There are a host of RAM manufacturers out there, so the best deal may be something quite cheap. But be warned, not all RAM is _good_ RAM. I've never had a problem buying middle-of-the-road priced RAM, but would shy away from the bottom of the barrel varieties.

This site gives you pricing from several sources. Just look for your exact model, so you know which to get.

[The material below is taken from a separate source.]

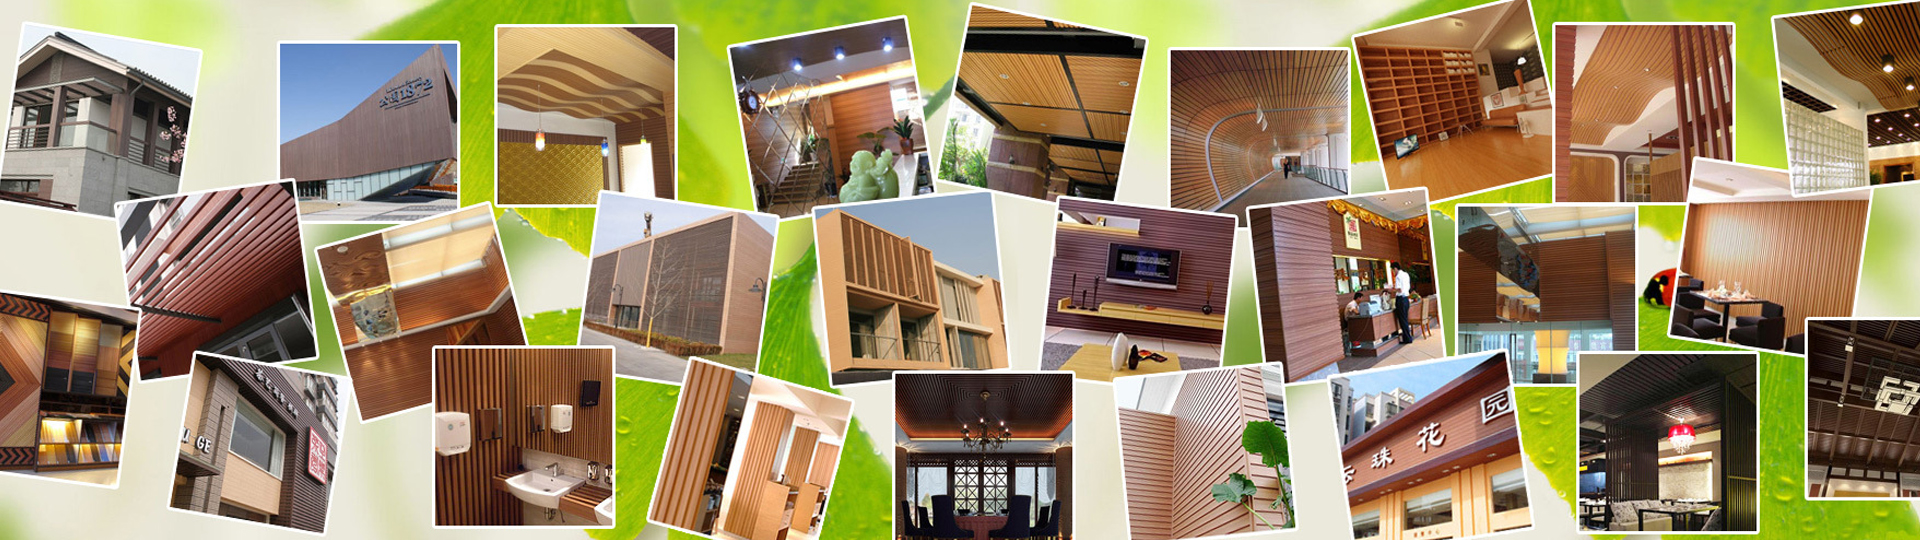 耐可木官网,生态木,耐可木生态木,生态木厂家,生态木吊顶,生态木墙板,生态木护墙板,生态木材料,生态木方通,木塑地板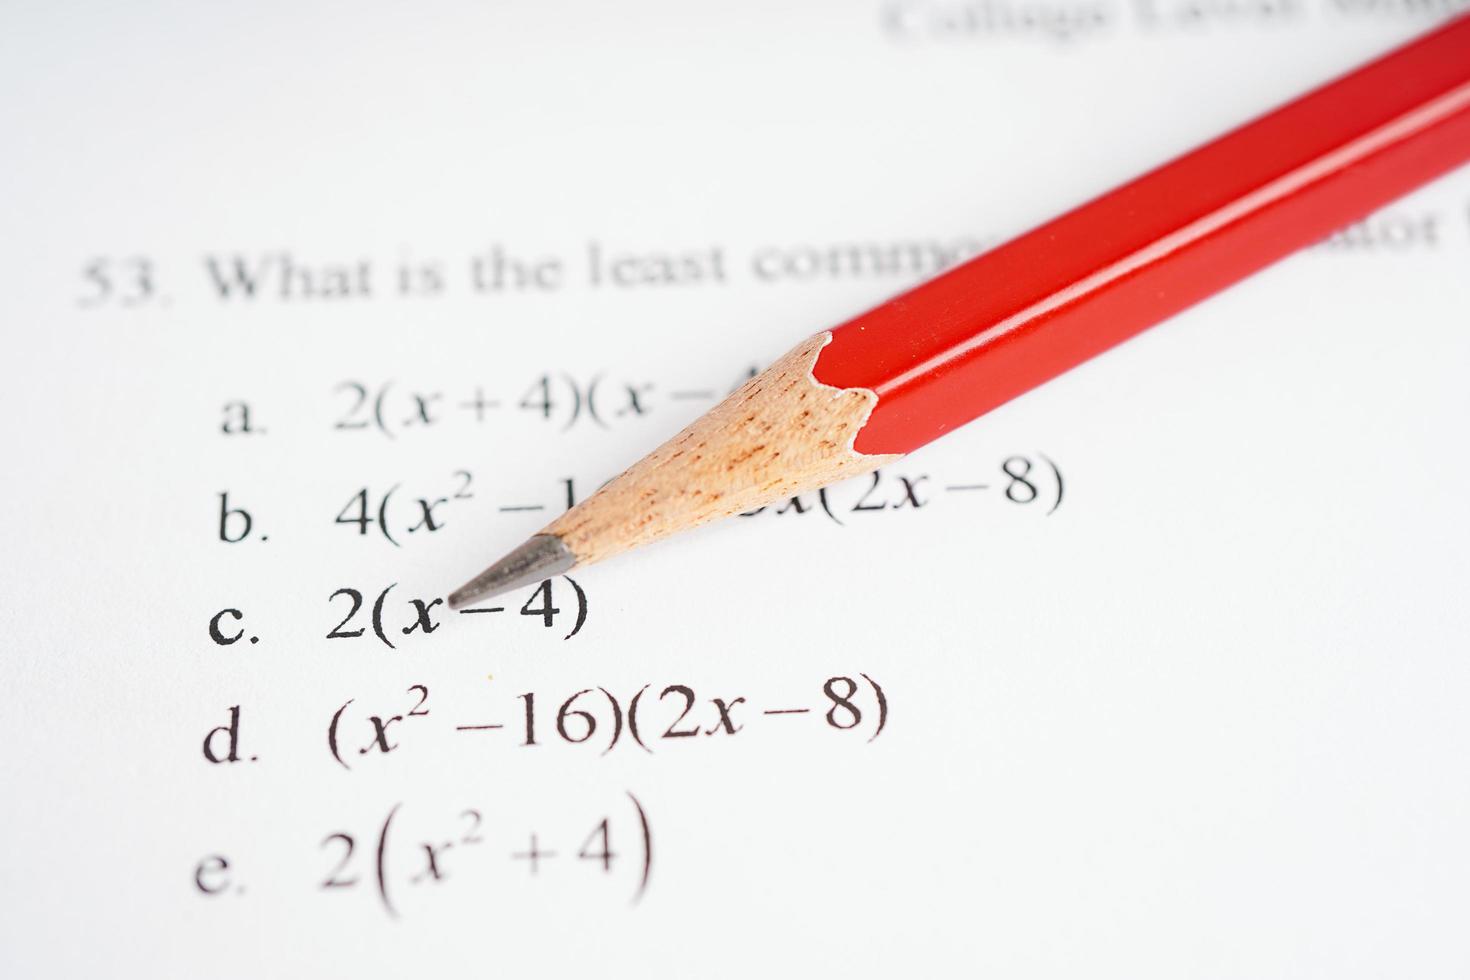 lápiz sobre papel de prueba de ejercicio de fórmula matemática en la escuela de educación. foto

If you buy from Apple you _will_ get fantastic quality in the product, and you will _know_ that it will work. But you will also pay a premium price for it. You can likely find the exact same RAM for a lower price from other sources. For some it's worth the extra expenditure to be 100% certain the RAM is Apple-approved.


----------



## DammitJanet

But it will only handle one stick at a time of whatever RAM I put in it right?


----------



## VegasACF

As far as I know, yes, you are correct.


----------



## DammitJanet

Thanks.


----------



## davidanders

I would recommend http://www.crucial.com (the last american company making ram)
Lifetime warranty, easy to use manufacturer/model/ram selector.
Only one stick out of hundreds was bad.
.


----------



## expensive_wino

Go to:

http://www.macsales.com

Follow the link to memory. It even has a configurator. Their stuff is every bit as good as Apple's minus the extra cost. Also, they're super helpful on the phone.

If you want to know how many slots are available for memory. Click on the little blue Apple icon in the upper left of your screen. Drag down to About This Mac. Click on More Info. And finally select Memory from the list on the left side of the screen.

This will give you the specs on the memory and how many slots are currently used.


----------



## macgirl811

I was reading your post because I have the same problem with the RAM. I was wondering how you made out and what you ended up buying for her G4 ibook? Thanks


----------